All at once I realized that Patrick was discouraged. He got up and paced slowly around the living room, taking long steps, his jaw hard, the up-and-down lines in his tanned cheeks deep and the color of his blue-green eyes deep.
The intense heat had not lessened, I reached from where I sat and opened the slats of a shutter on the one window in the kitchenette. I could see the sky, darkly gray now, and lowering. The leaves on the vines drooped, dead still.
I slanted the slats down and saw Ava Graham standing on the lower gallery opposite talking, or rather listening, to Captain Jonas.
Patrick, when I reported this, stepped over to one of our windows to reconnoiter. He put his ear to a crack between slats, and said, “I don’t think Aunt Dollie’s in circulation at the moment. At least, I hear no one talking. I’ll ask Jonas and Ava up for a drink.”

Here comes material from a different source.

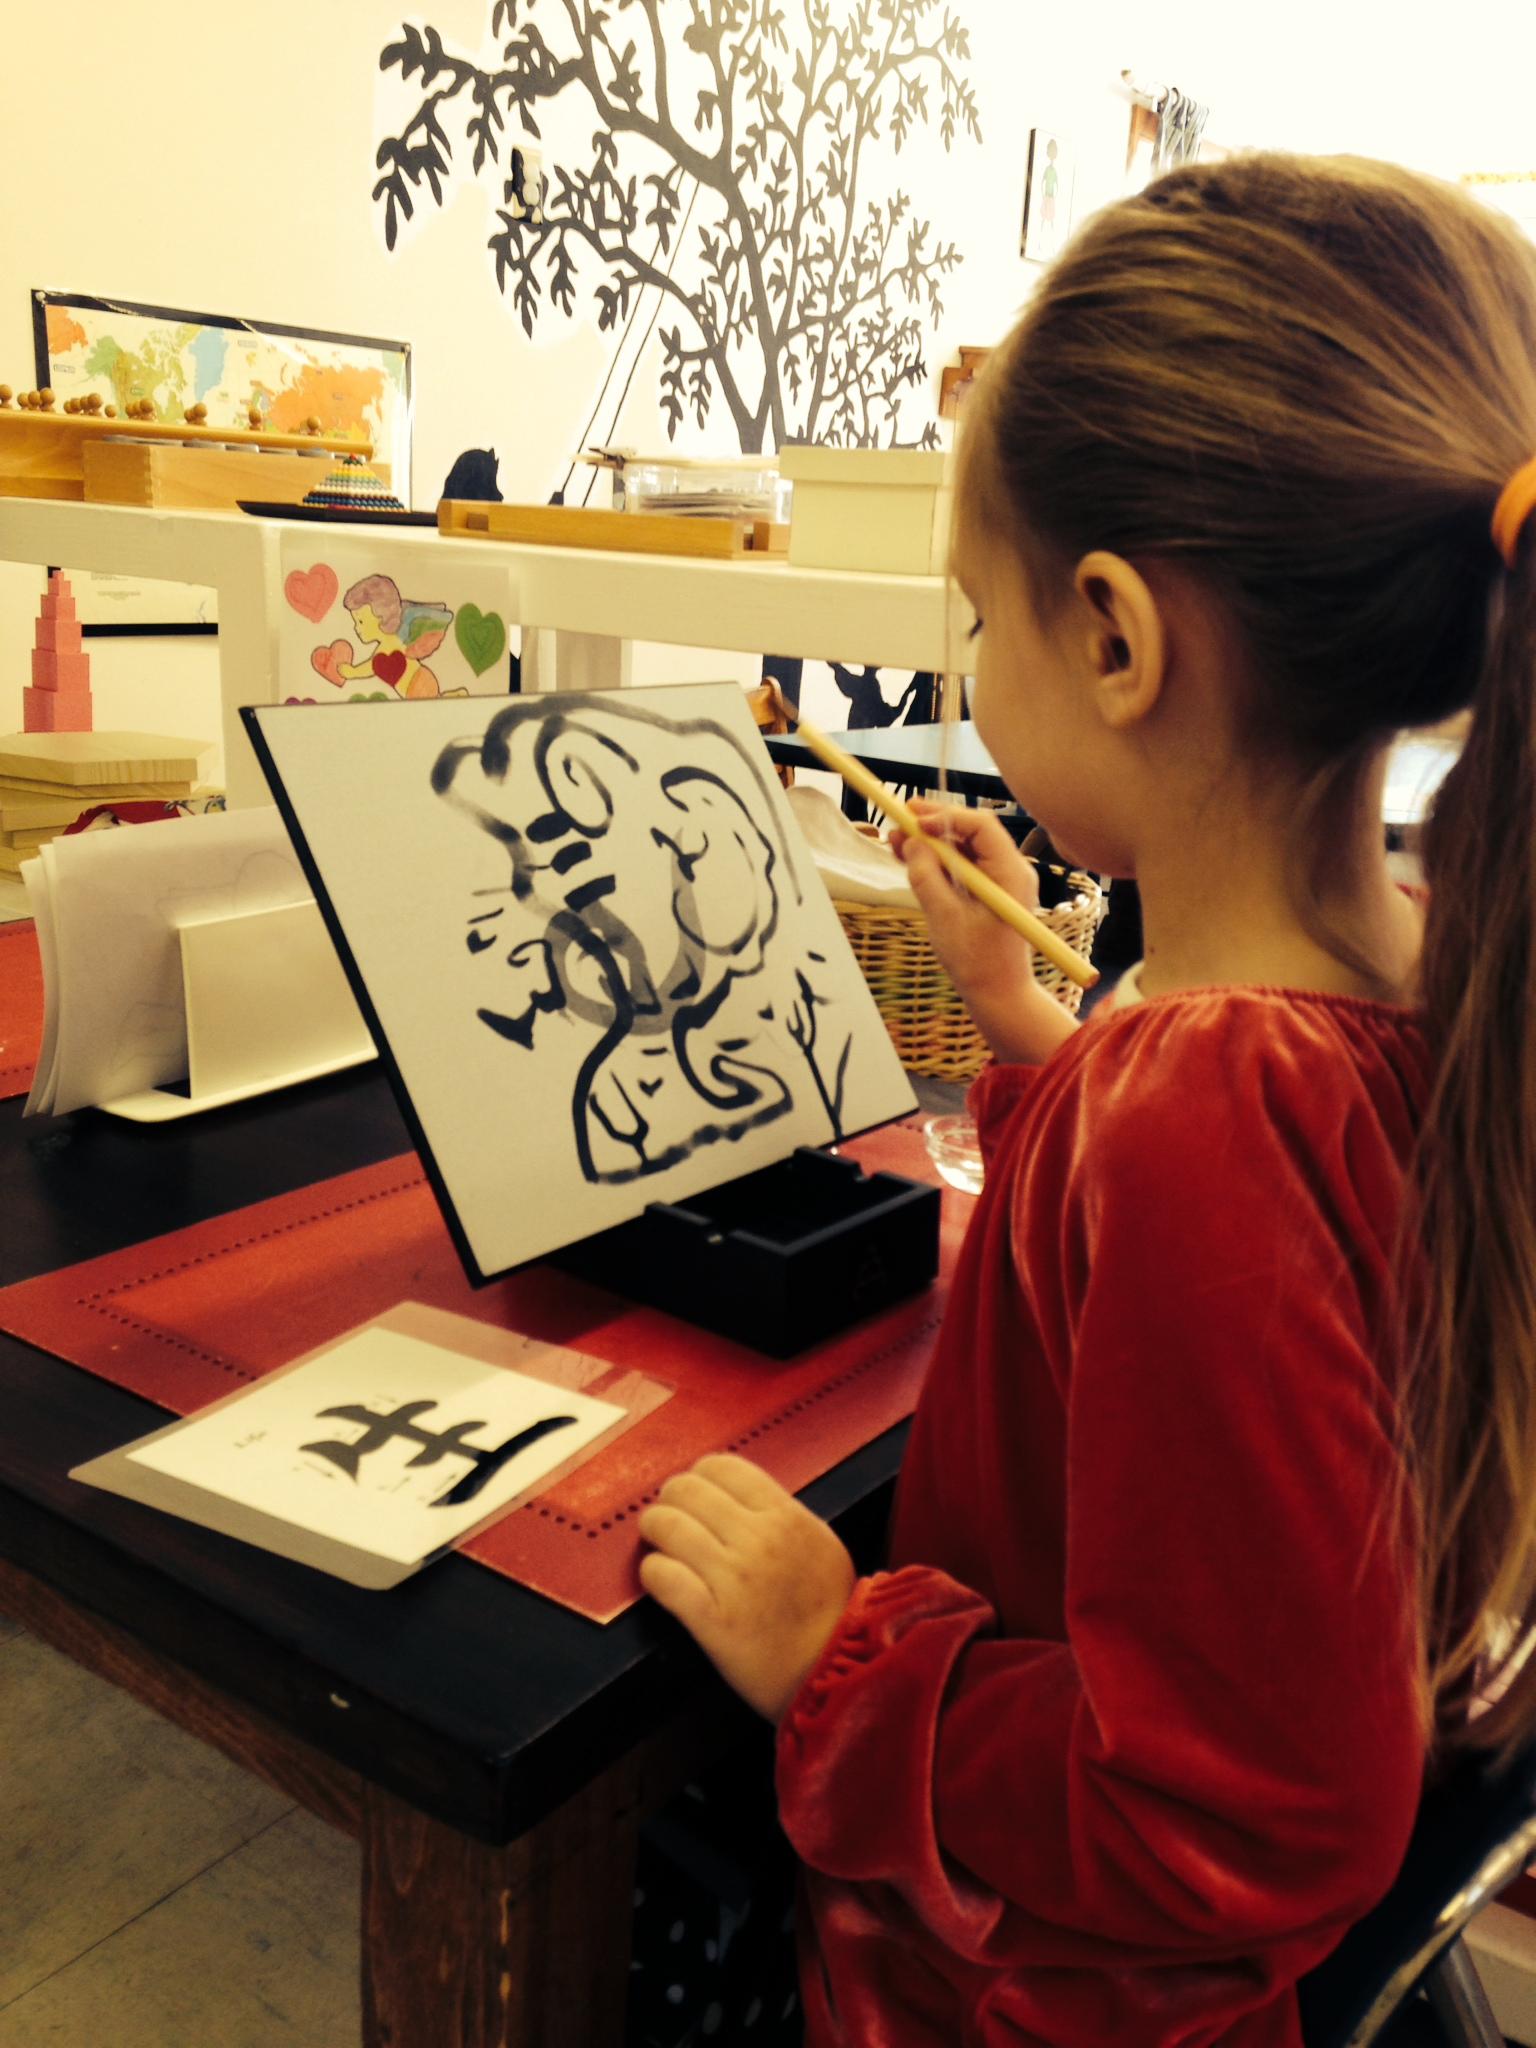 Primary Program (ages 3-6)

My goodness, I thought, as he suited the action to the idea. Jonas actually hesitated before he sadly shook his head.
“But there’s no reason why Miss Graham can’t join you,” he gallantly added.

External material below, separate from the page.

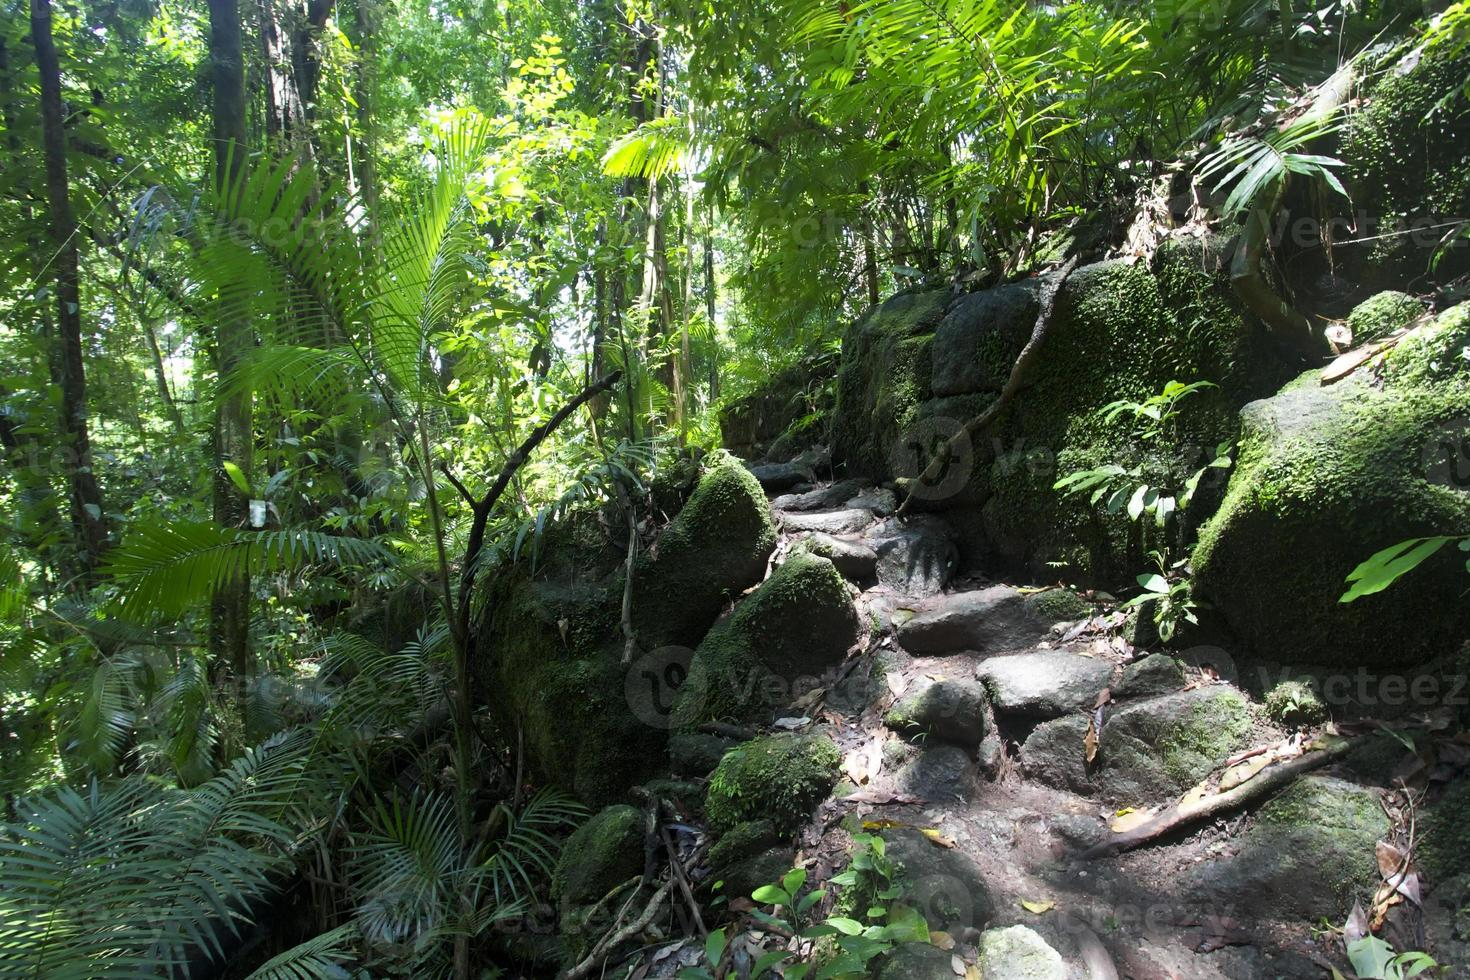 Rainforest at Mossman Gorge Daintree National Park photo

“My God, you saved my life!” Ava was saying, with actual appreciation, two minutes later. She held her drink in one exquisite hand. Her long red nails—the very, very long ones never cease to astonish me because people really must do nothing at all to keep them so—made a smart contrast for her simple white dress. She wore garnet earrings, definitely heirloomish, two matching garnet bracelets, and the same red flashed from the open toes of her high-heeled white sandals. “I’m jittery, kids. No fooling!” she said. “Uncle George is in a spot. I could help him, but I’m afraid to. He’s right, as it happens, and while I’d hate to go on record as maudlin and sentimental I—well, I simply adore Uncle George!”